**DATASET EXTRACT**
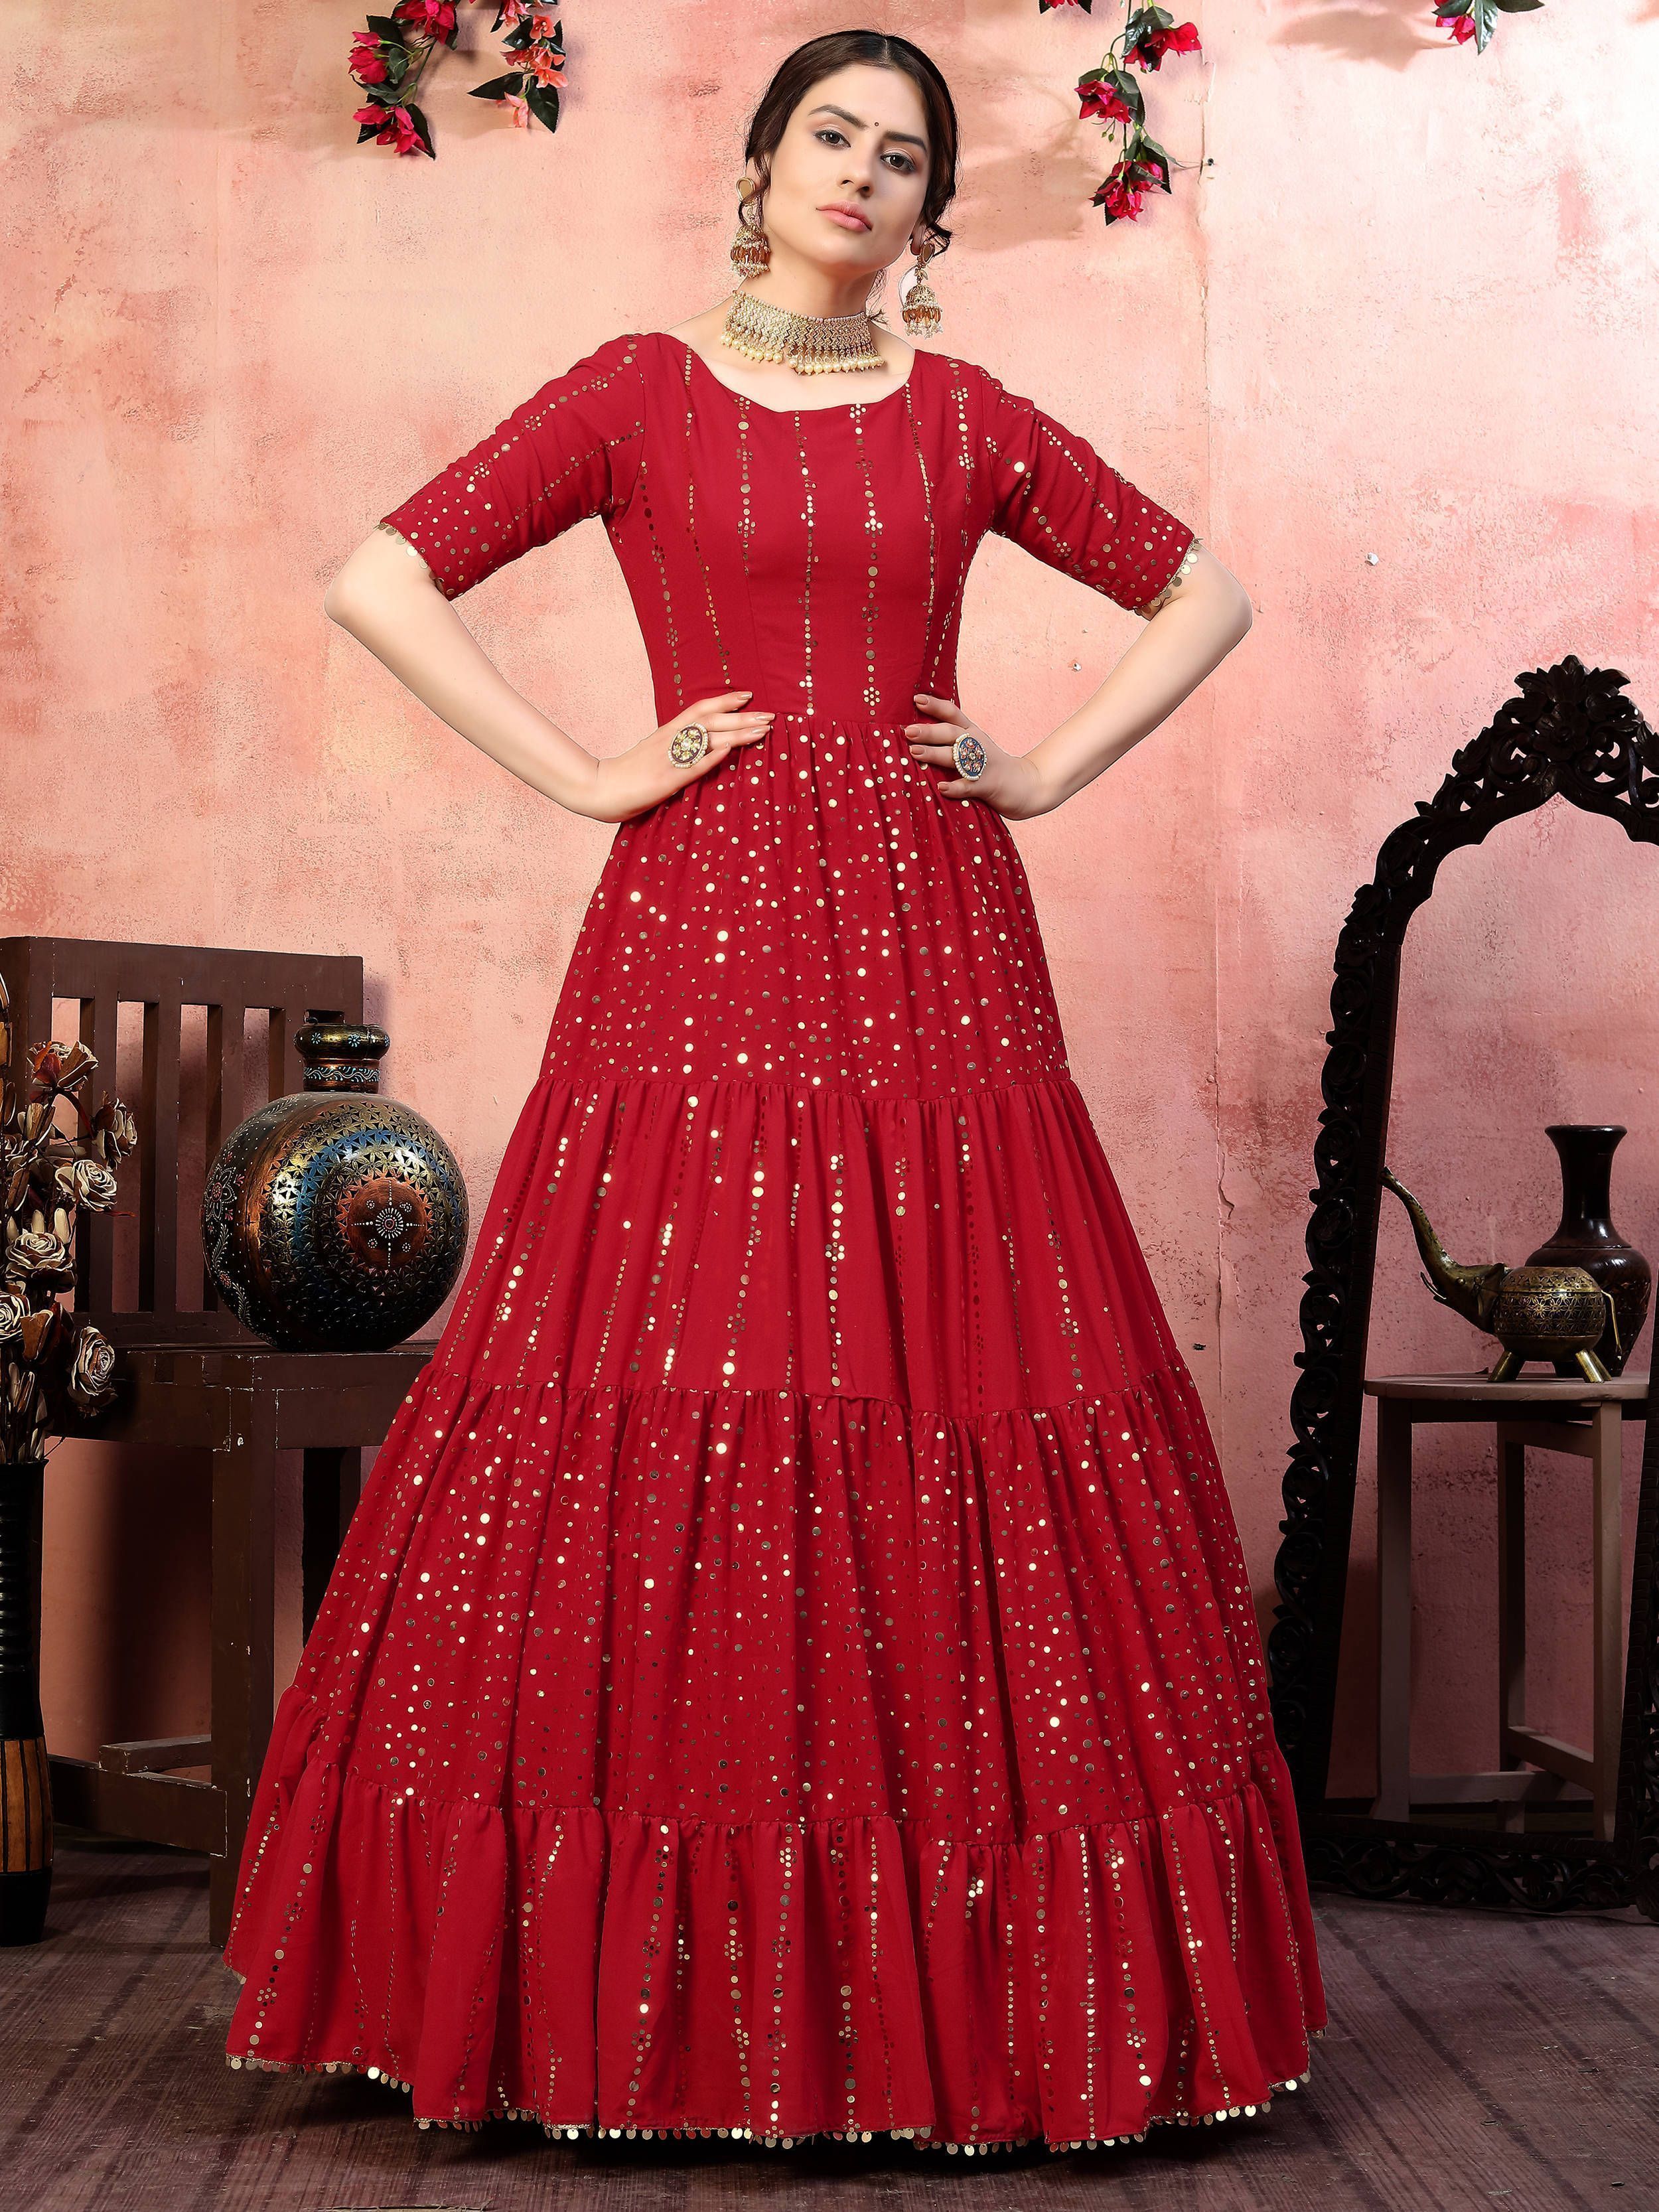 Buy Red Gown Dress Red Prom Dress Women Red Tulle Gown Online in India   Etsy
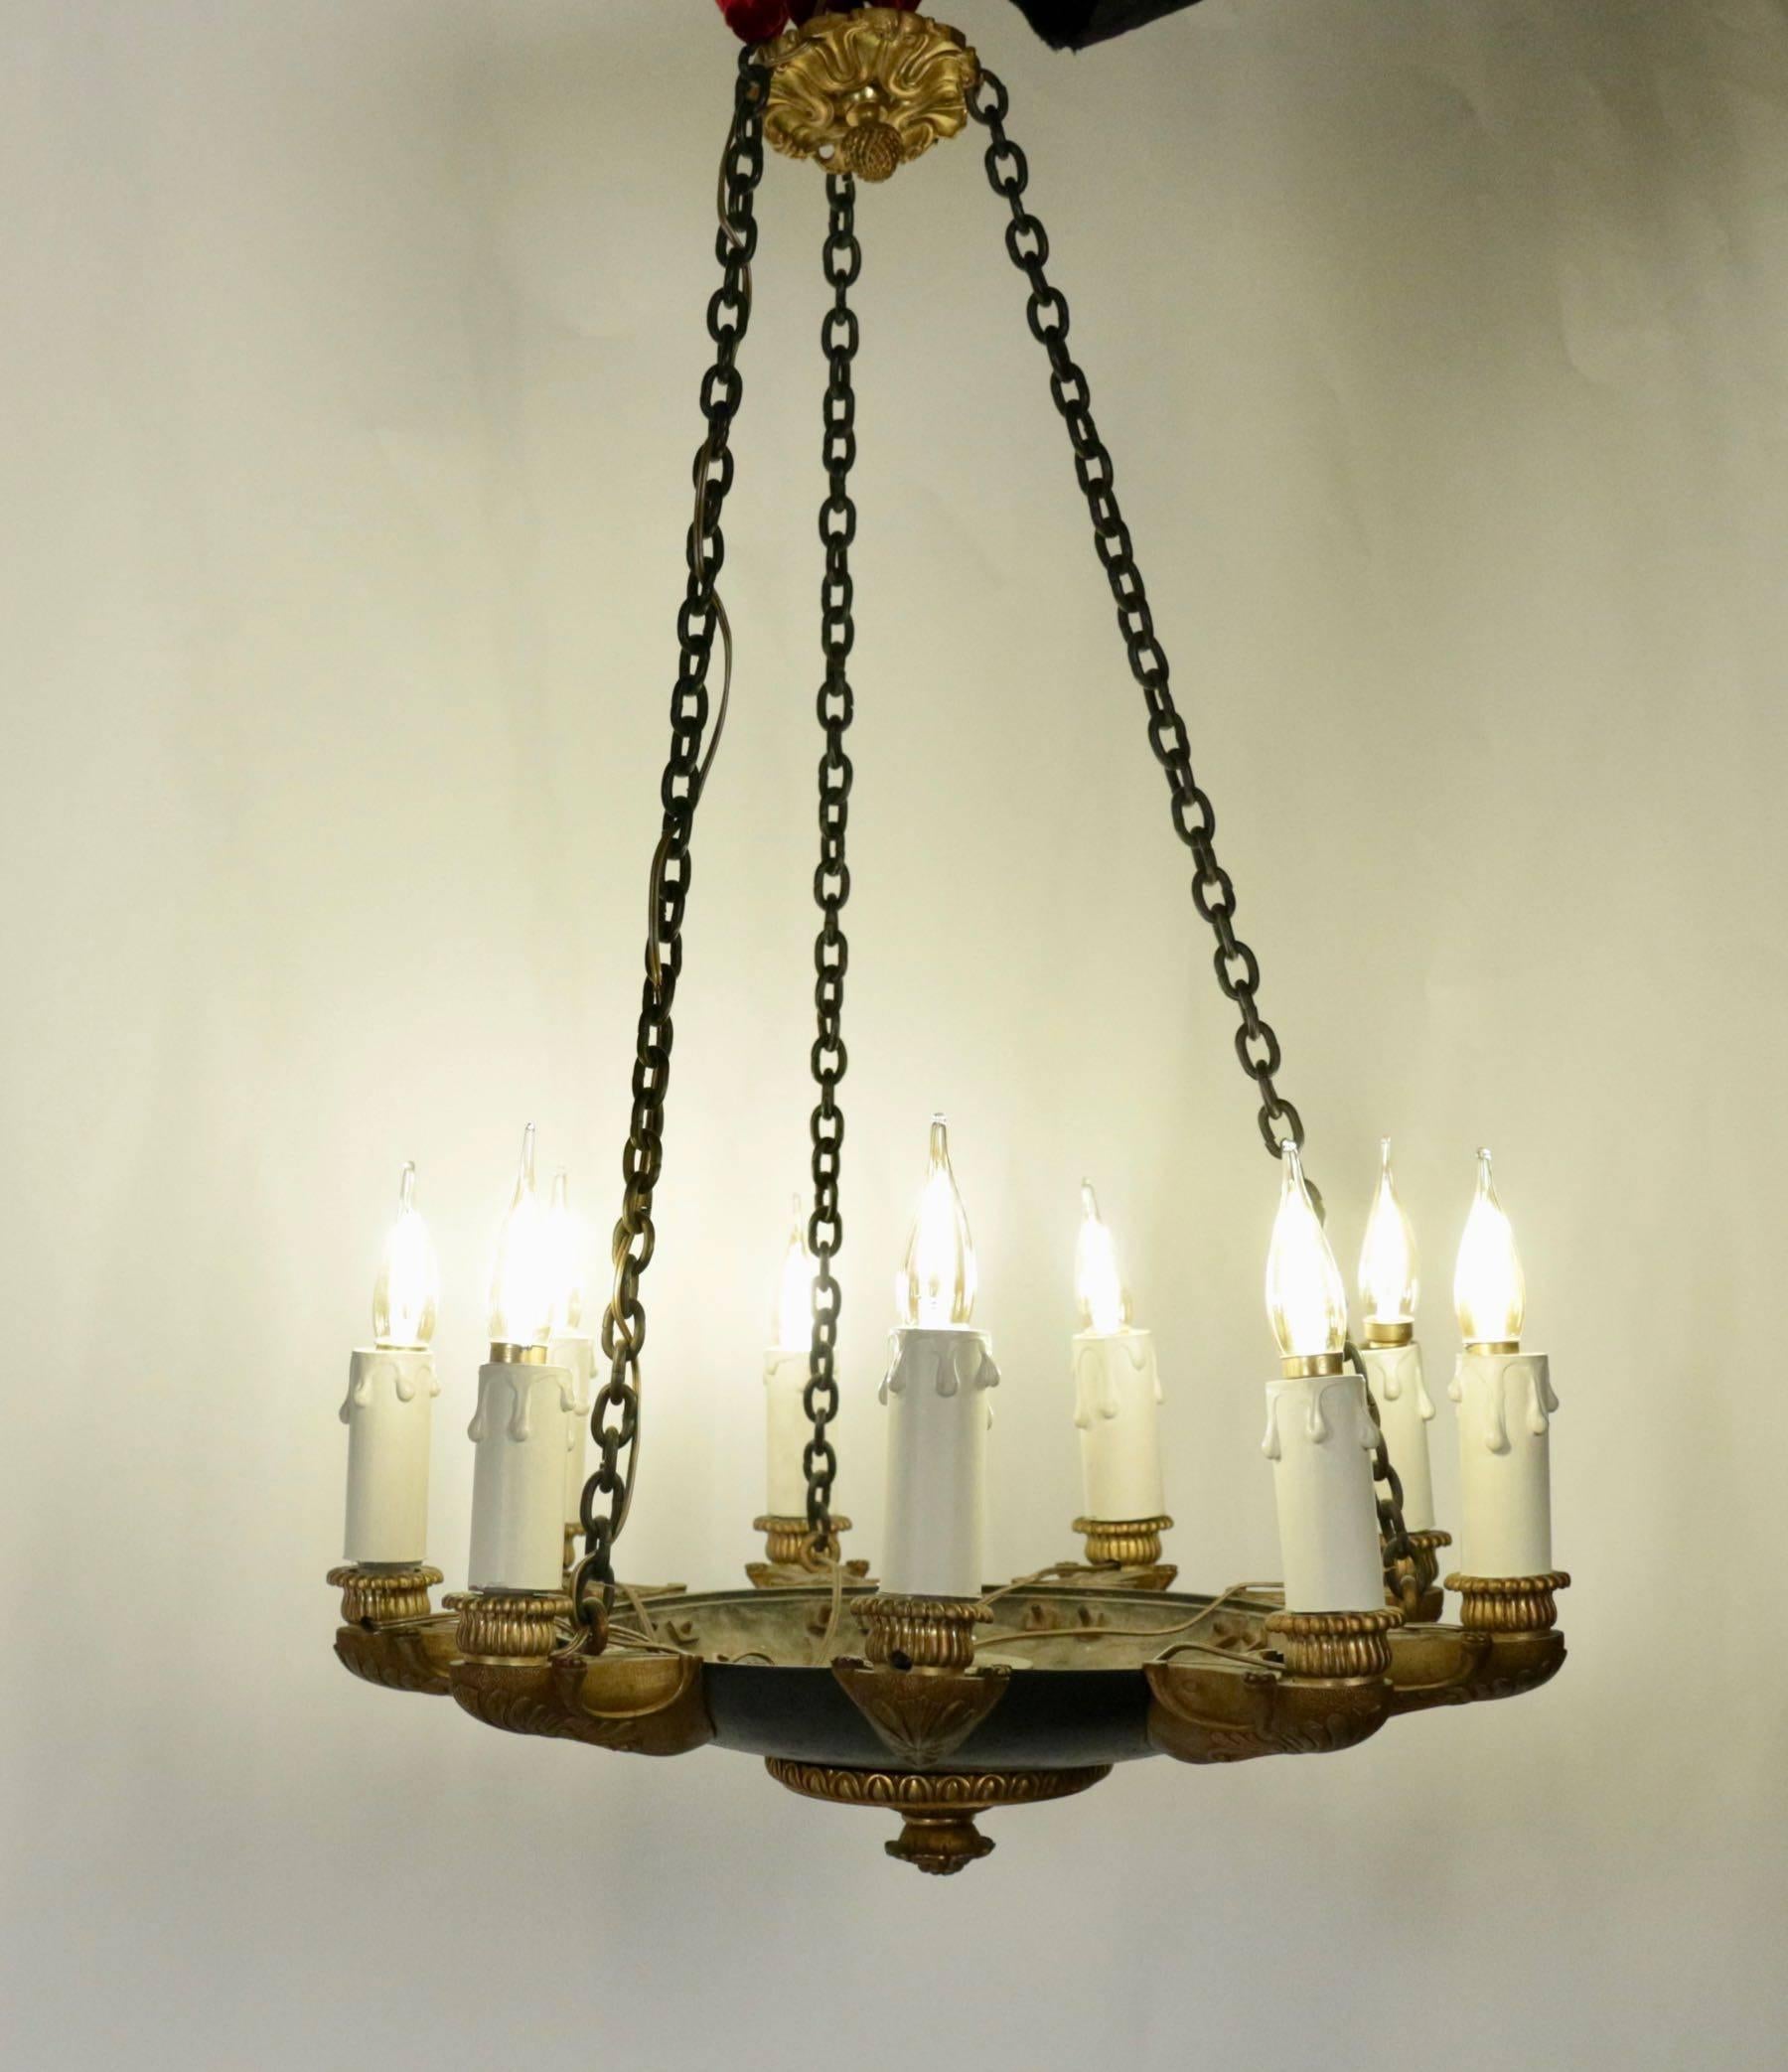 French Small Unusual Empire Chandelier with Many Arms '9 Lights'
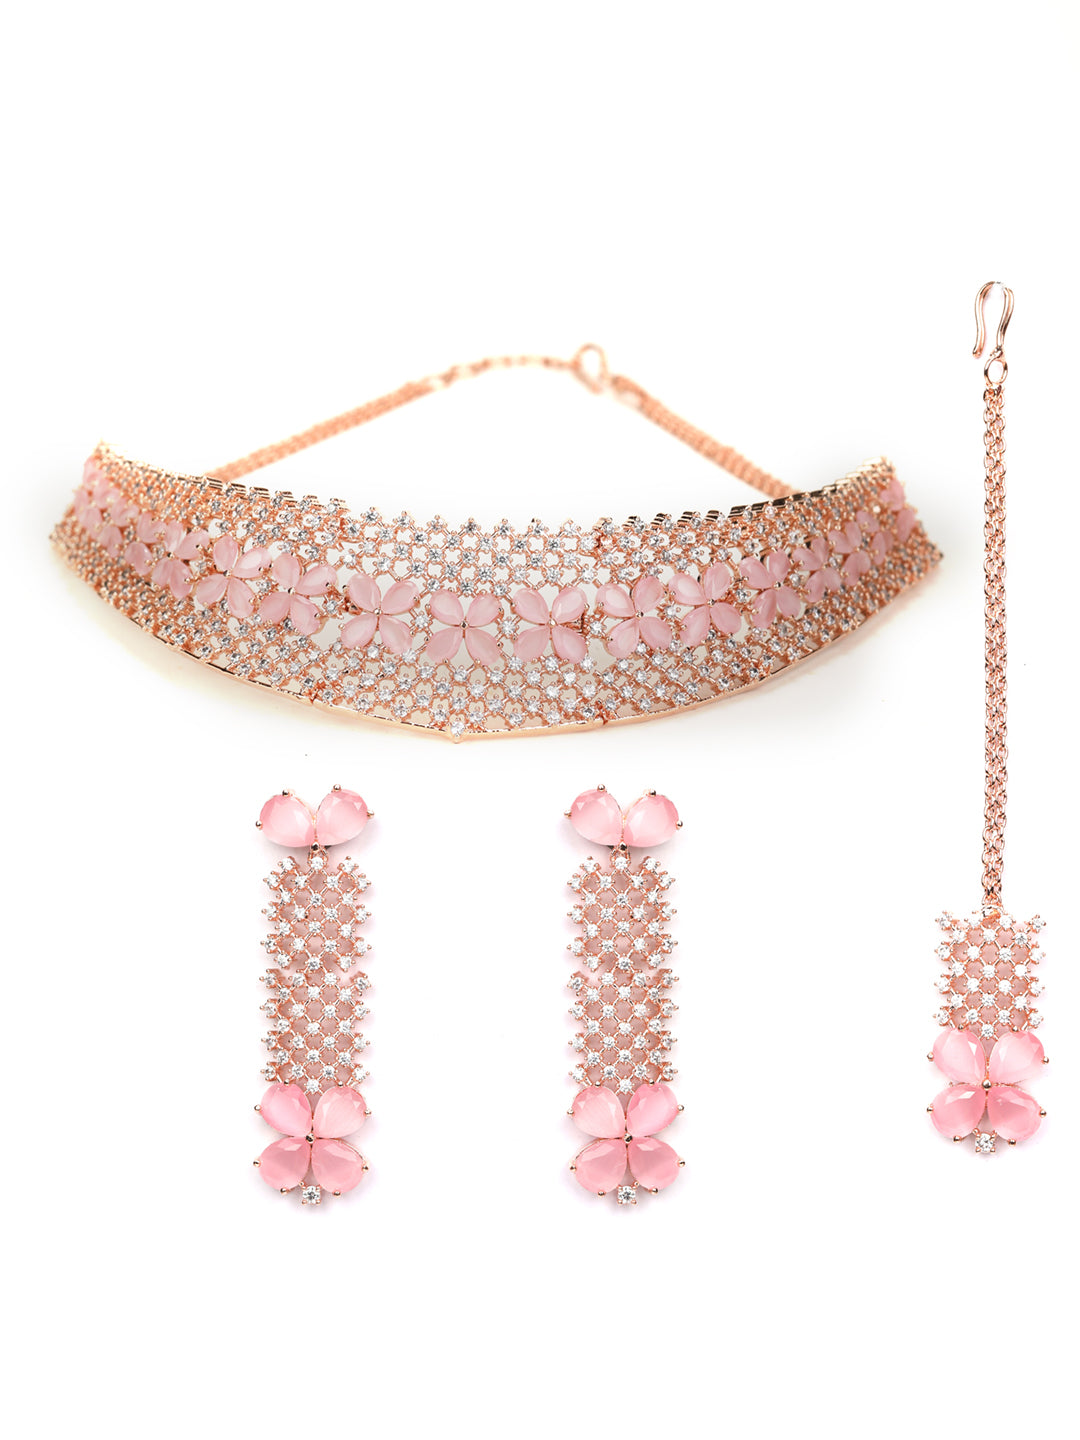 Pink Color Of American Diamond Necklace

**EXERCISE GOAL**
Please set down the whole listing above exactly and skip every picture.

**ANSWER BOX**
 Buy Red Gown Dress Red Prom Dress Women Red Tulle Gown Online in India   Etsy
 French Small Unusual Empire Chandelier with Many Arms '9 Lights'
 Pink Color Of American Diamond Necklace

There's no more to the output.